** What is needed **
Your copy of the data should match it exactly, except that the pictures are gone.

** Data section **
__________
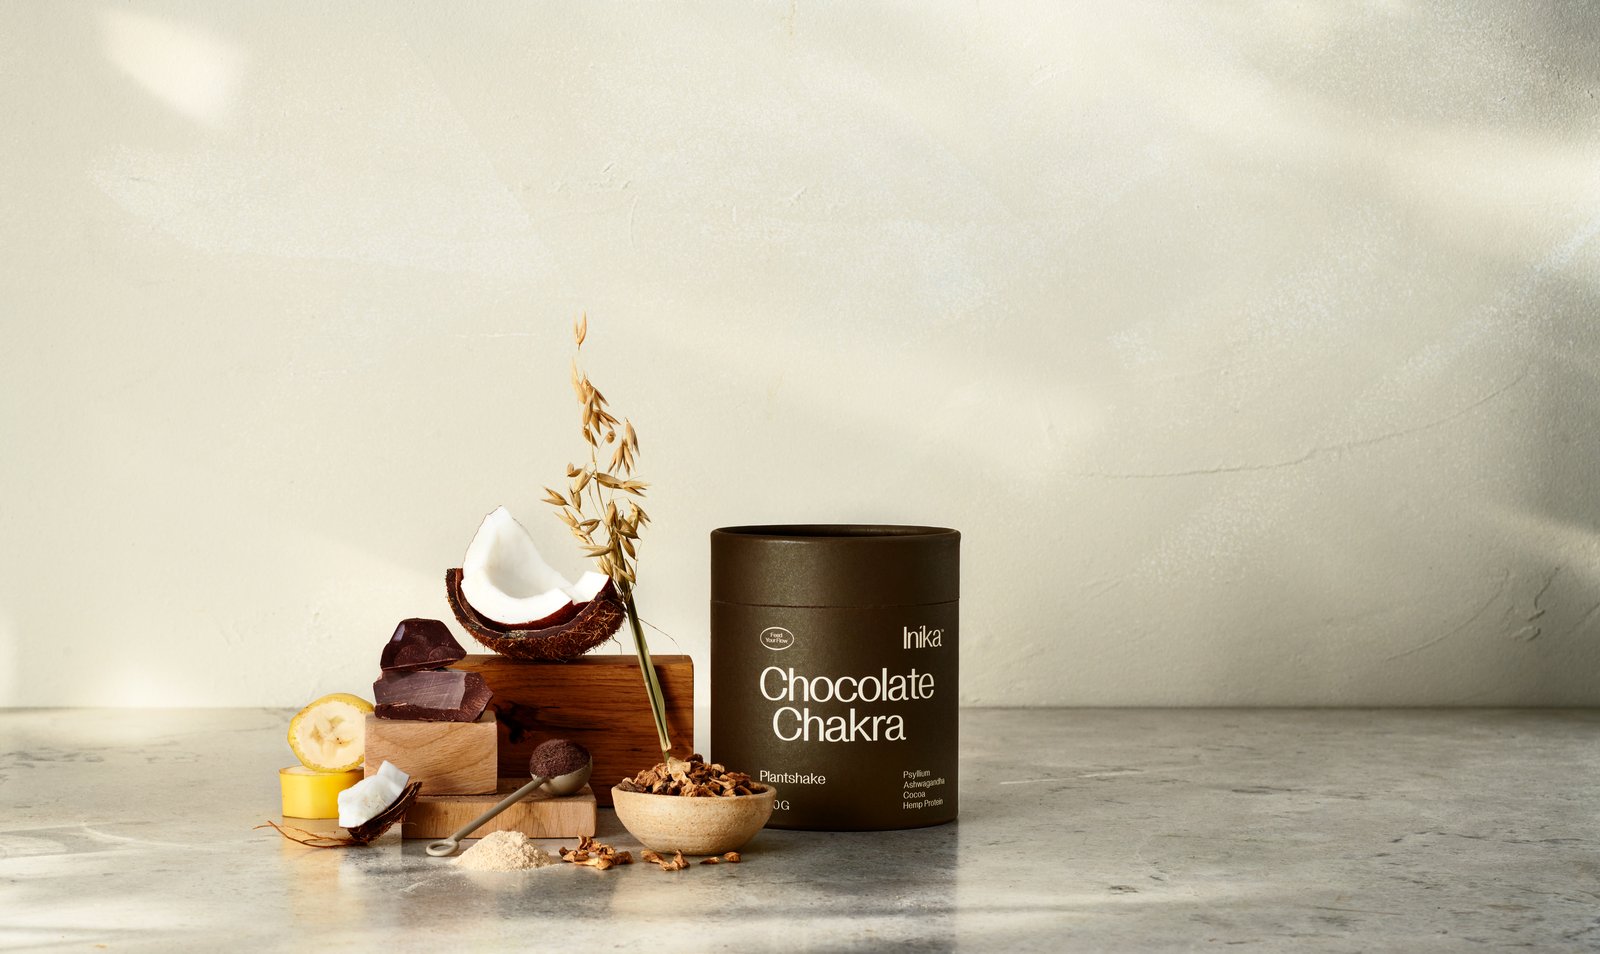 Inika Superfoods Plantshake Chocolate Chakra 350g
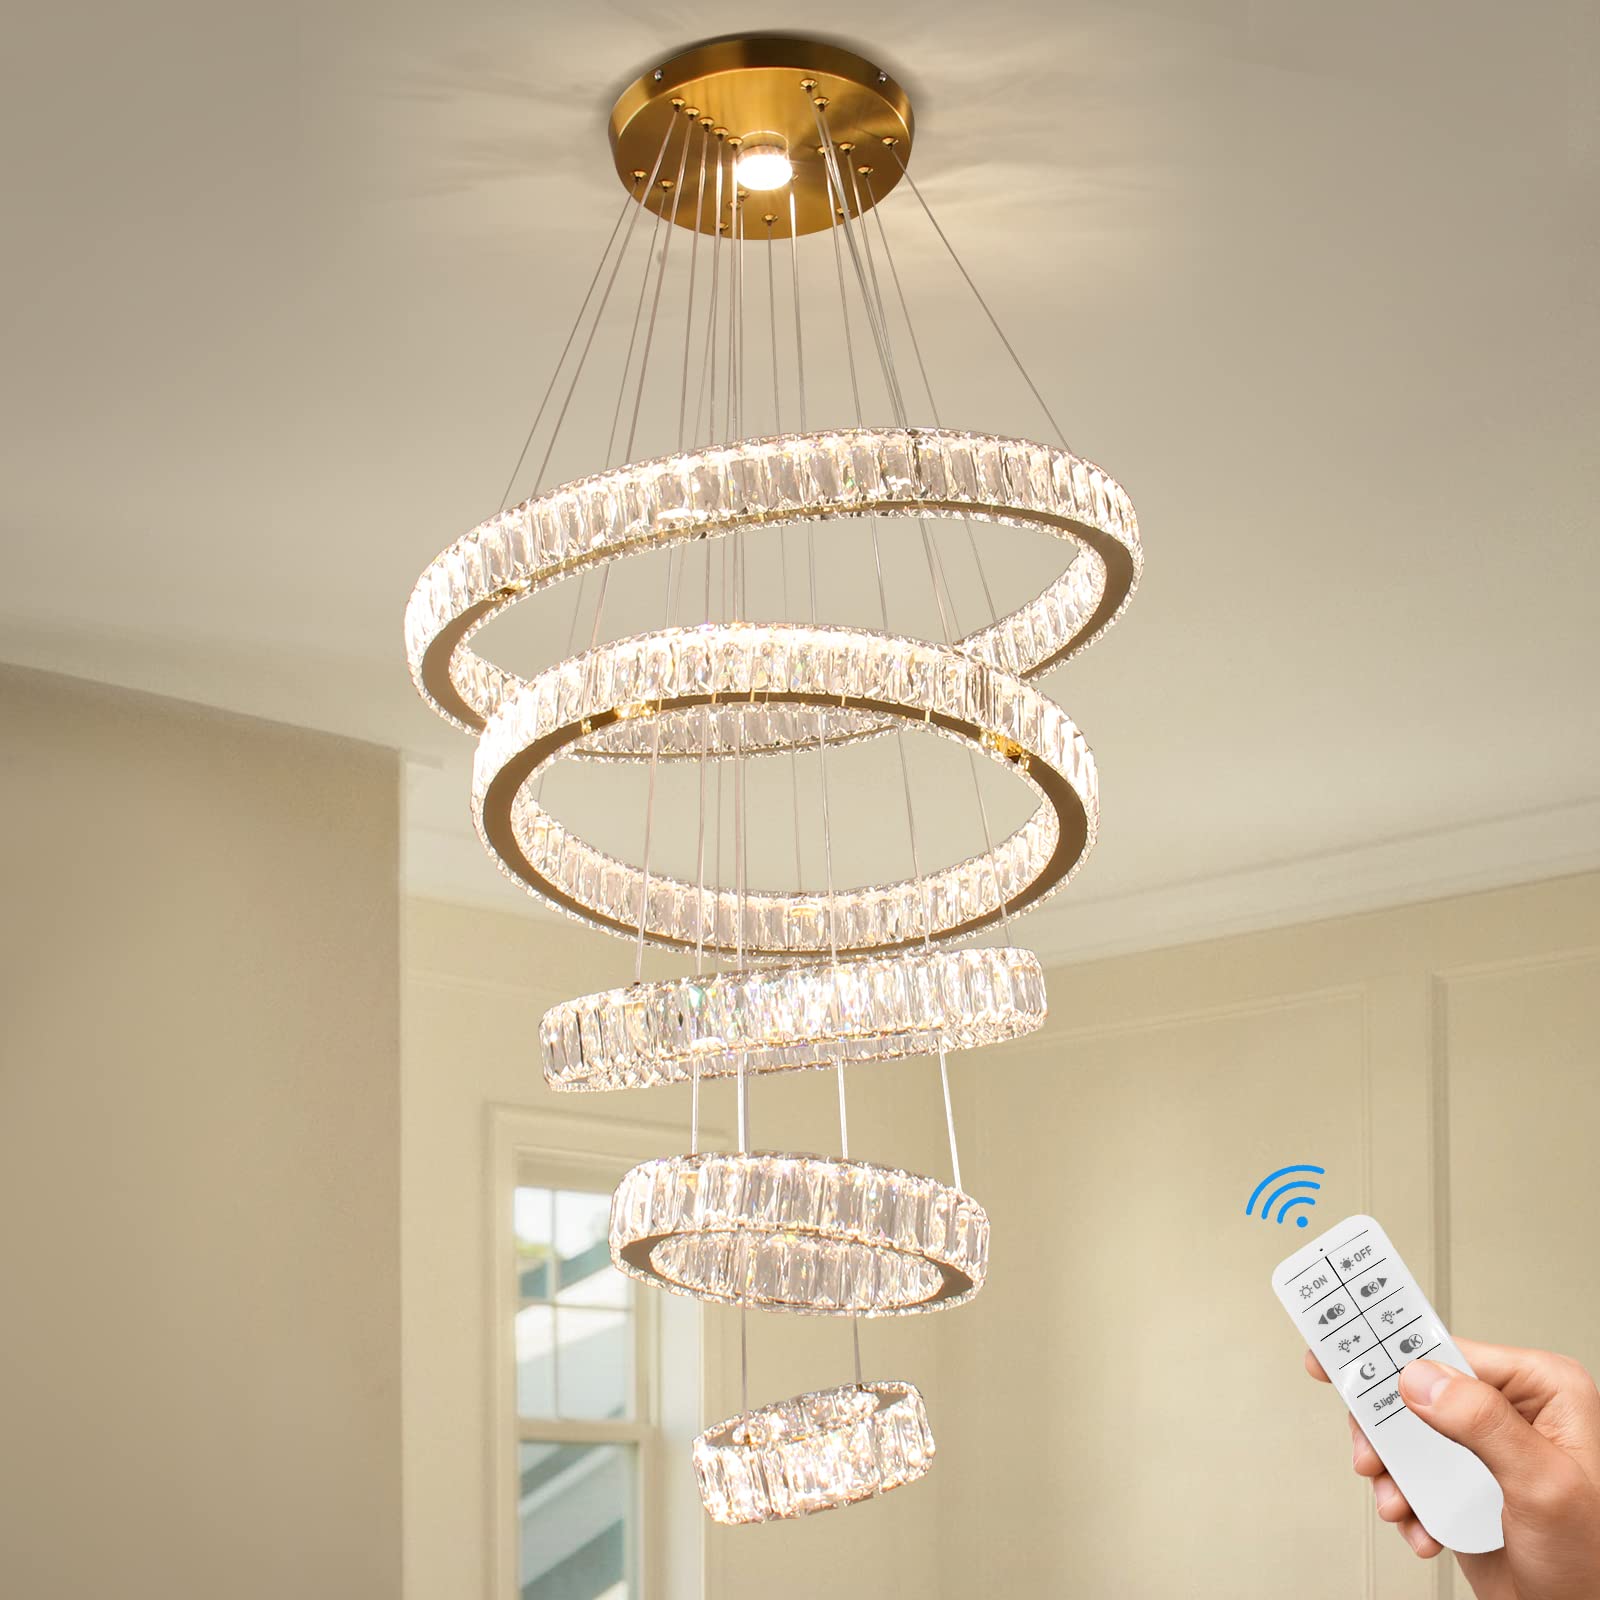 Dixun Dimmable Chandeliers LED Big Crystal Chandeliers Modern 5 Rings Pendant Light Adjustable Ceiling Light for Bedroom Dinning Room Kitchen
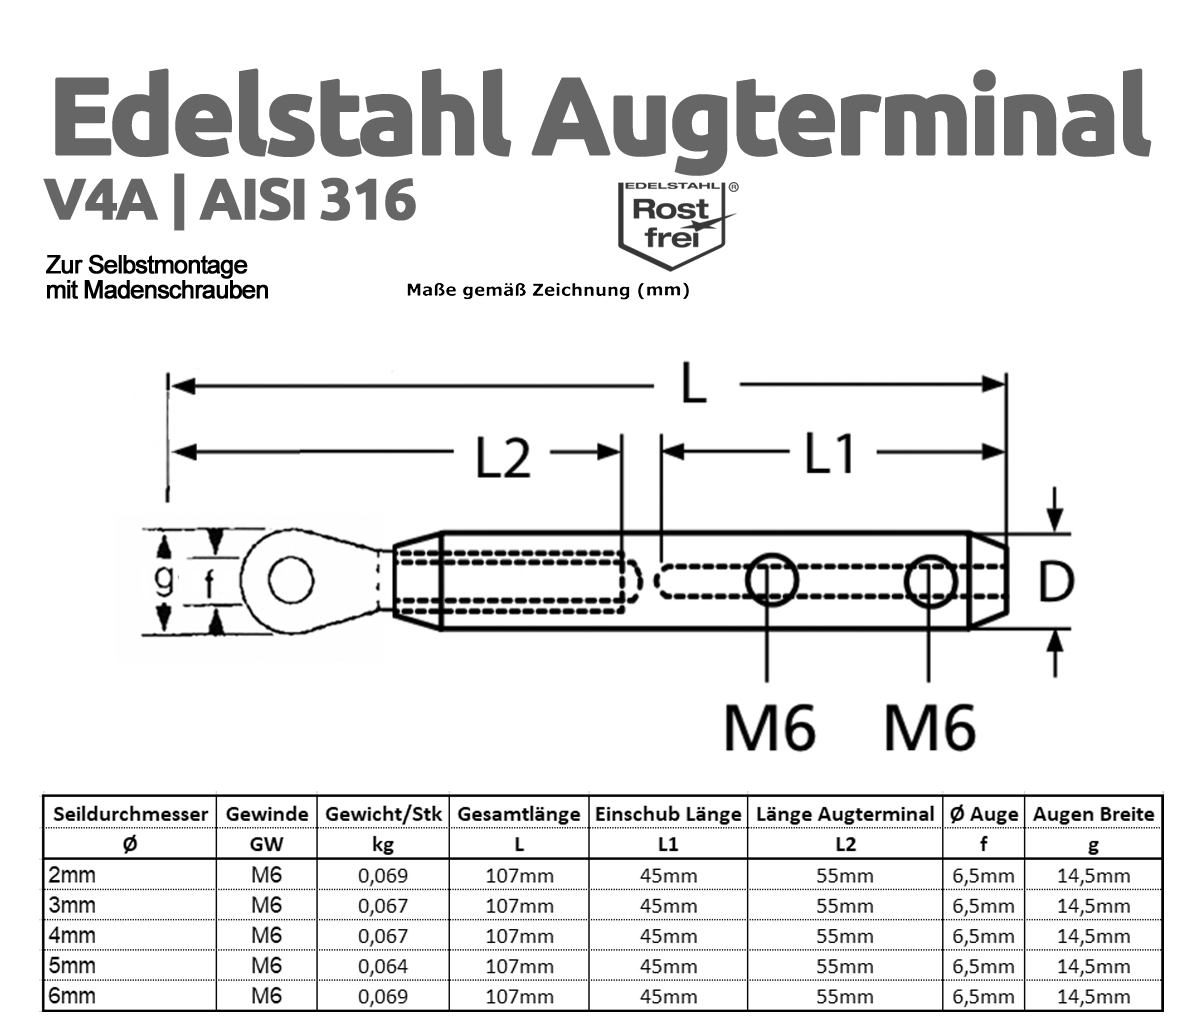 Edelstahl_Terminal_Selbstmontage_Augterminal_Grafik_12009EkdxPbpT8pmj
__________
** Task output **
 Inika Superfoods Plantshake Chocolate Chakra 350g
 Dixun Dimmable Chandeliers LED Big Crystal Chandeliers Modern 5 Rings Pendant Light Adjustable Ceiling Light for Bedroom Dinning Room Kitchen
 Edelstahl_Terminal_Selbstmontage_Augterminal_Grafik_12009EkdxPbpT8pmj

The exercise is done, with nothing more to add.